07/17/2004versione stampabileprintinvia paginasend



Human Rights Watch denounces abuse against foreign workers in Saudi Arabia

asian prisoners in saudi arabiaOn the 12th of July, in Riyadh, in Saudi Arabia, a woman accused of murder was condemned to death. This would be nothing new in a country where 50 death sentences were carried out in 2003 alone (according to data supplied by Amnesty International). The oddity in this trial is that the defendant is a woman from Sri Lanka, therefore a foreign citizen who was in the country to work.

In this case, the woman worked as a maid for a family and the victim is her employer. The defendant, according to the account given by the public attorney’s office, allegedly let an acquaintance, who is also from Sri Lanka, into the house where she worked, to burgle it. Since the woman who owned the house would not hand over the family’s valuables, the couple lost their heads, the man strangled the lady and escaped with his accomplice. The two were subsequently captured and during the trial the woman was considered responsible for the crime for having urged her partner to commit murder and she was thus judged by Quranic law, Sharia. The Minister of the Interior of Saudi Arabia has not said if the execution will take place by stoning, beheading or firing squad.

So far it seems like a rather run-of-the-mill crime which is punished by death in other countries besides Saudi Arabia. Except for the fact that, at the same time, and specifically on the 15th of July, 2004, Human Rights Watch, the US association that fights for the respect of human rights, published a report with a very explicit title: Bad dreams: exploitation and abuse of migrant workers in Saudi Arabia. A 135-page report that shows how, according to HRW, the treatment of foreign workers, in the country of the Saud, is an example of exploitation and violation of the rights of those workers who travel to the richest land in the Middle East in search of a better life.

The Sri Lankan woman’s trial does not have much to do with worker exploitation, but the report particularly emphasizes the violations of migrants’ rights before the Saudi judiciary. HRW explicitly mentions unfair trials, forced confessions and torture of foreign workers who are now a third of the entire population in Saudi Arabia.

The association denounces cases of defendants who were executed without their family or their embassy being informed before the execution took place. Sarah Leah Whitson, executive director of HRW for the Middle East and Northern Africa, complains that "abuse against foreign workers in the kingdom of Saud is a terrible distortion of criminal justice. If the government of Saudi Arabia is serious when it talks of reforms, that is an excellent place to start.".

HRW says that last year the Saudi government invited a team of observers from the US association for official talks, but the report emphasizes that the group was not allowed to carry out accurate field investigations, including meeting with the victims of the alleged abuse. It is not by chance, says HRW, "that most of the interviews the document is based on, took place in India, Bangladesh and in the Philippines, with workers who recently returned from Saudi Arabia."

"We found men and women in conditions similar to slavery", says Ms. Whitson, "one case after another, that show how the Saudi judiciary turns a blind eye to the abuse against foreign workers in Saudi Arabia, a country that has so far been unable to create an acceptable labor legislation, especially as regards women.".

One example mentioned in the document is that of 300 women from Sri Lanka, the Philippines and India, who worked as attendants in the Jeddah hospital, on average 12 hours a day, six days a week.
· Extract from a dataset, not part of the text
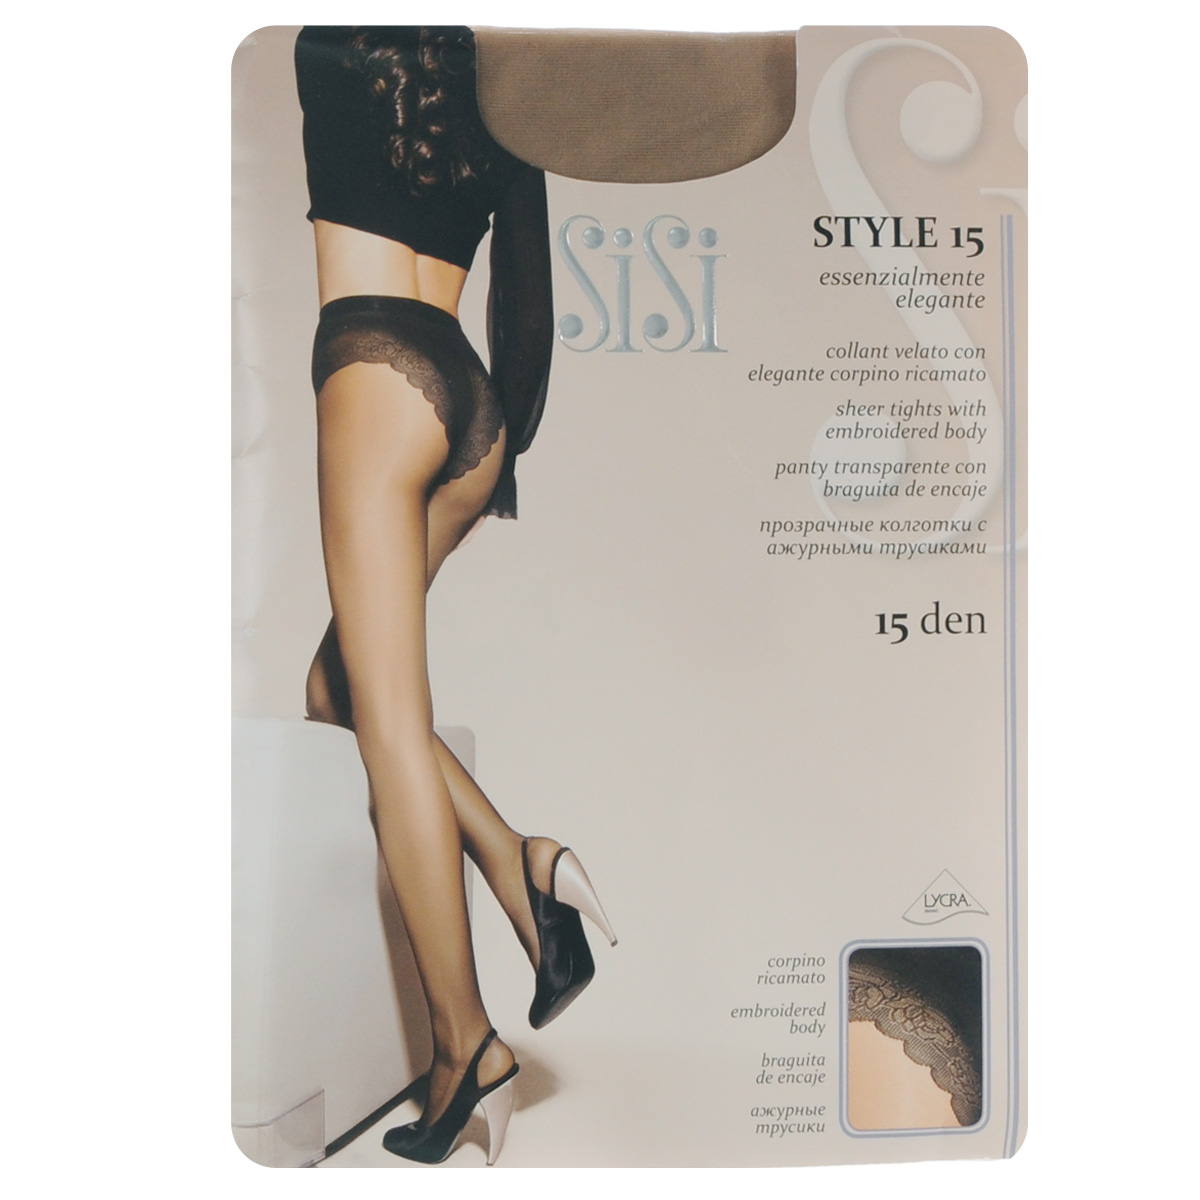 Колготки женские Sisi Style 15, цвет: Miele (бледно-коричневый). 45. Размер 2 (S) колготки sisi style размер 2 плотность 15 den nero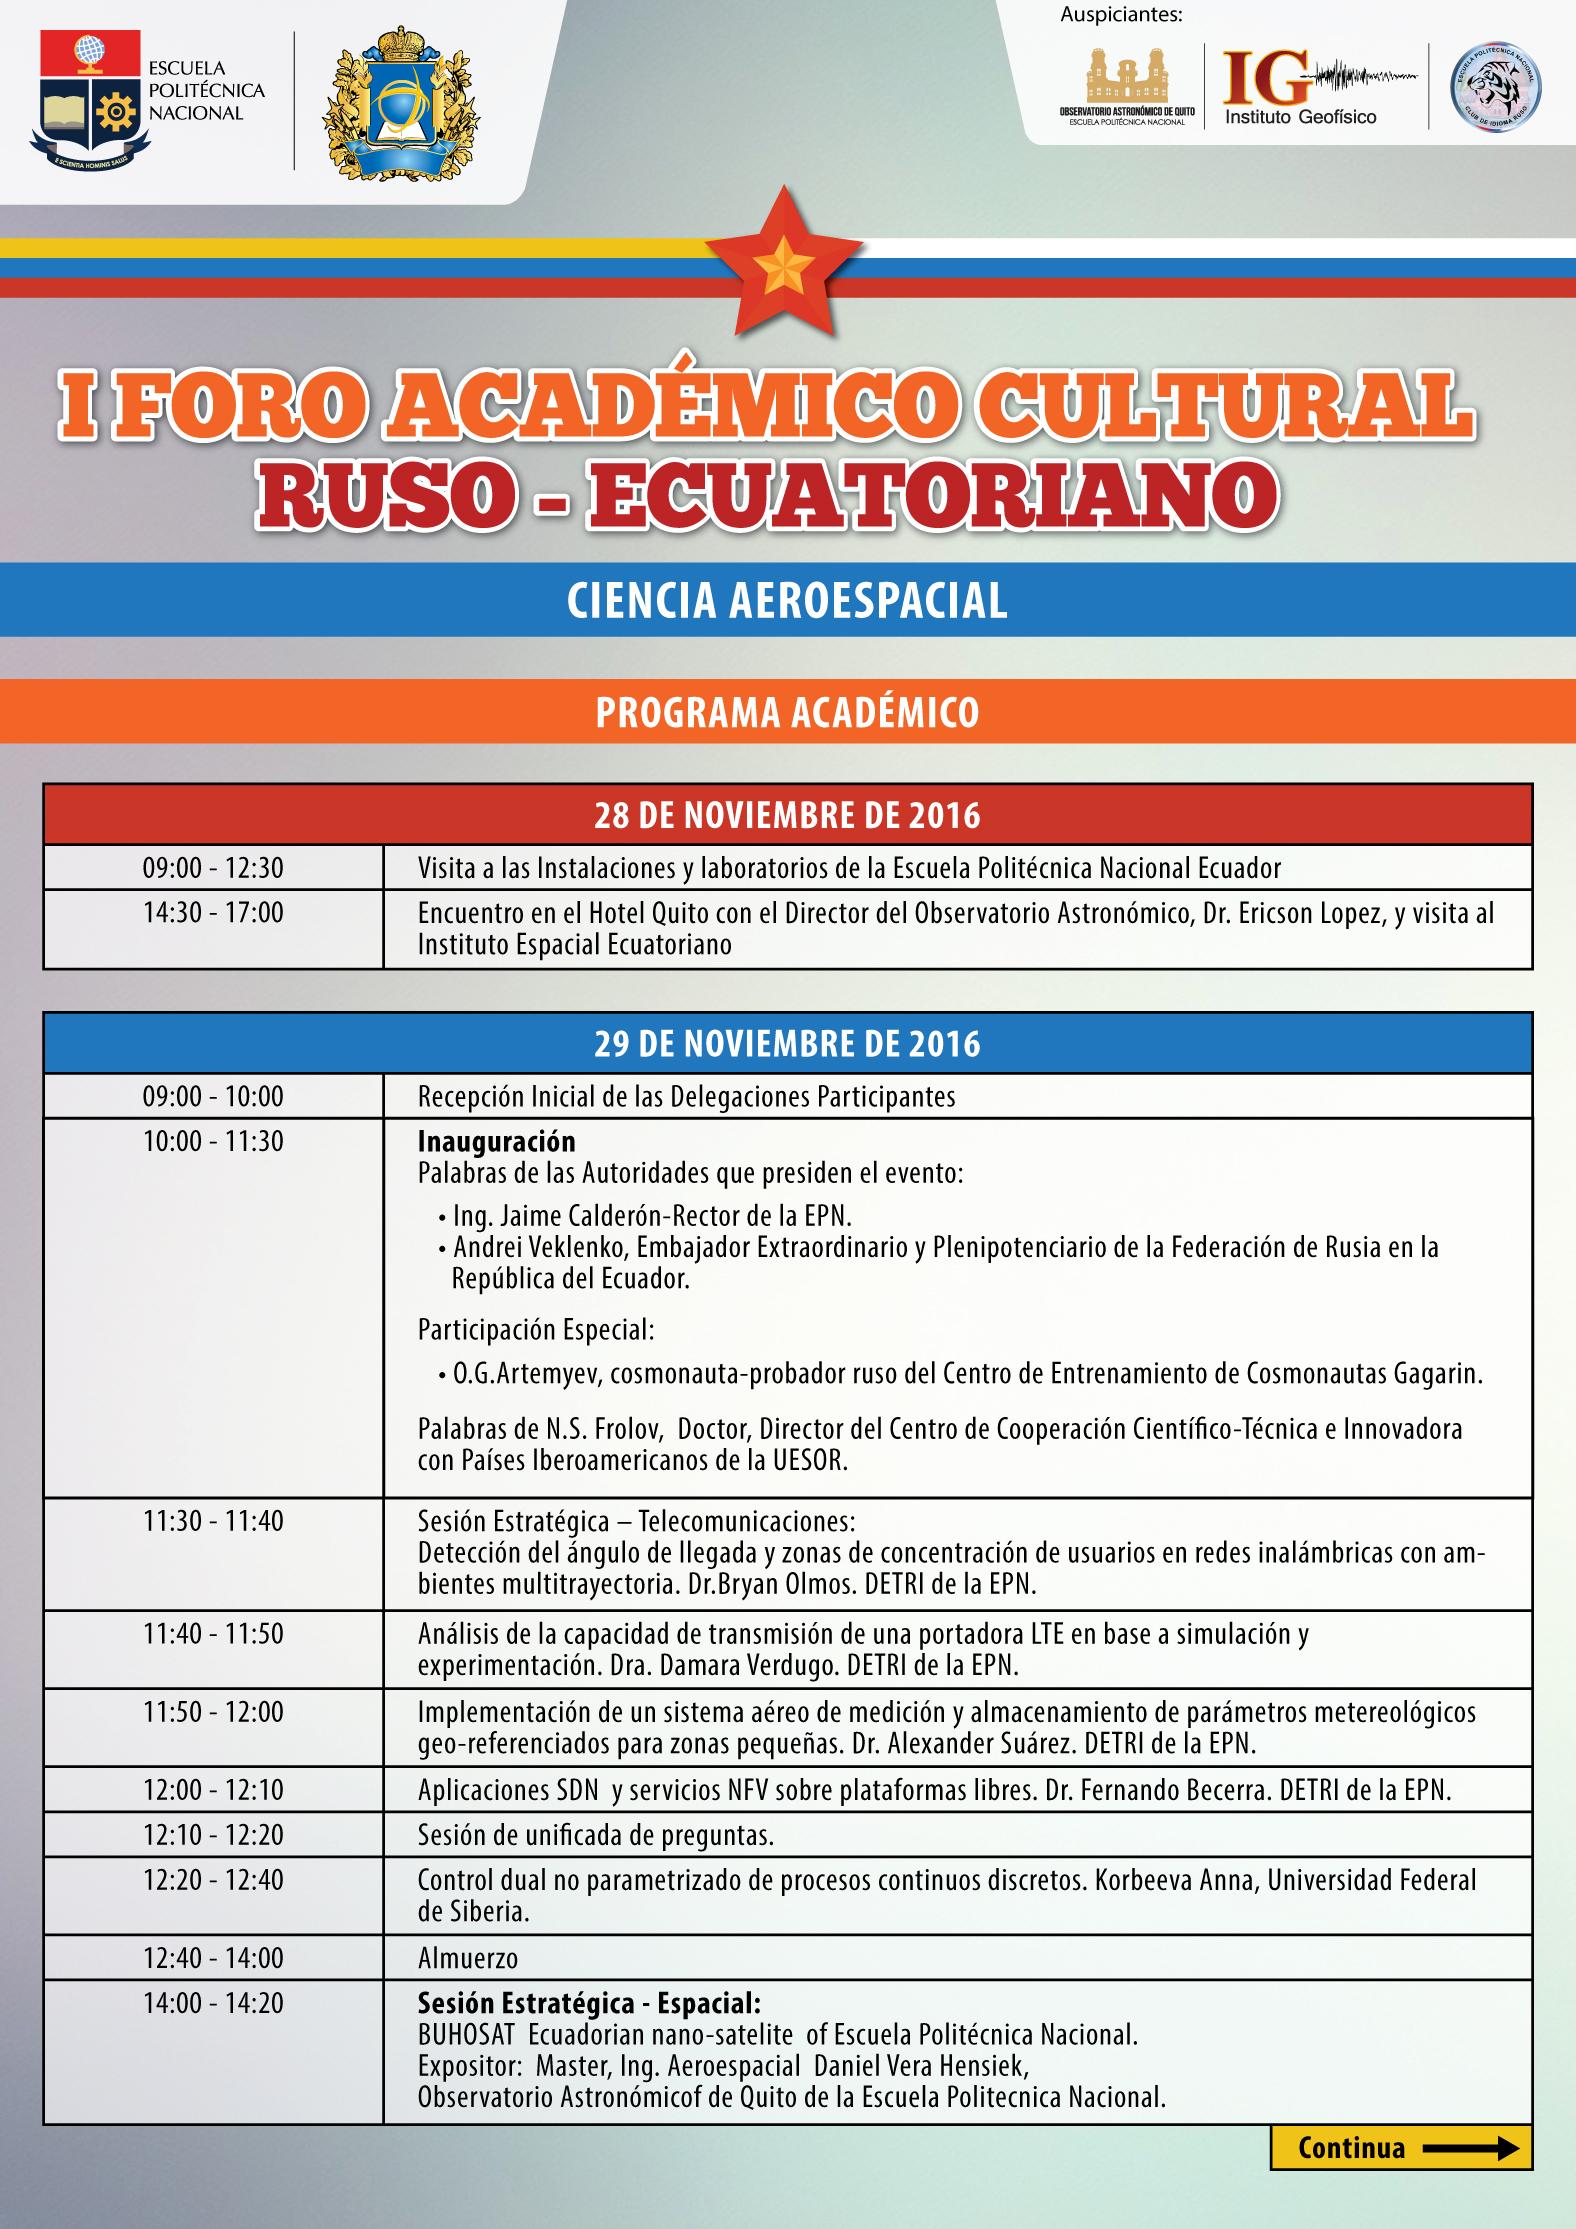 agenda_foro_rudia_ecuador_gr1

At the end of the day they went back to a common dormitory with 14-bed rooms, where they slept on benches. The doors were locked from the outside. They were treated this way for three years, the length of their contract.

A de facto imprisonment which is probably less hard than life in the Saudi jails. "In a prison in Riyadh", Ms. Whitson says, "we found women arrested for ‘illegal pregnancies’, meaning extra-conjugal. Sexual abuse in such situations is the norm, just like outside the prisons. For sexual abuse that goes as far as the kidnapping of foreign women workers, the perpetrators are not even prosecuted.".

The foreign worker community in Saudi Arabia is made up of more than 8 million people. They come from Sudan, Egypt, the Philippines, from Bangladesh, India, Sri Lanka and Pakistan, looking for work in one of the few countries in  the Middle East that can offer a job and the hope of a future less grim than what they would find in their own countries.

These people probably prefer to emigrate to Saudi Arabia, without going all the way to one of the Western countries, consoled, perhaps, by the idea of a more welcoming society, with customs more similar to their own. All too often, they find the hangman waiting.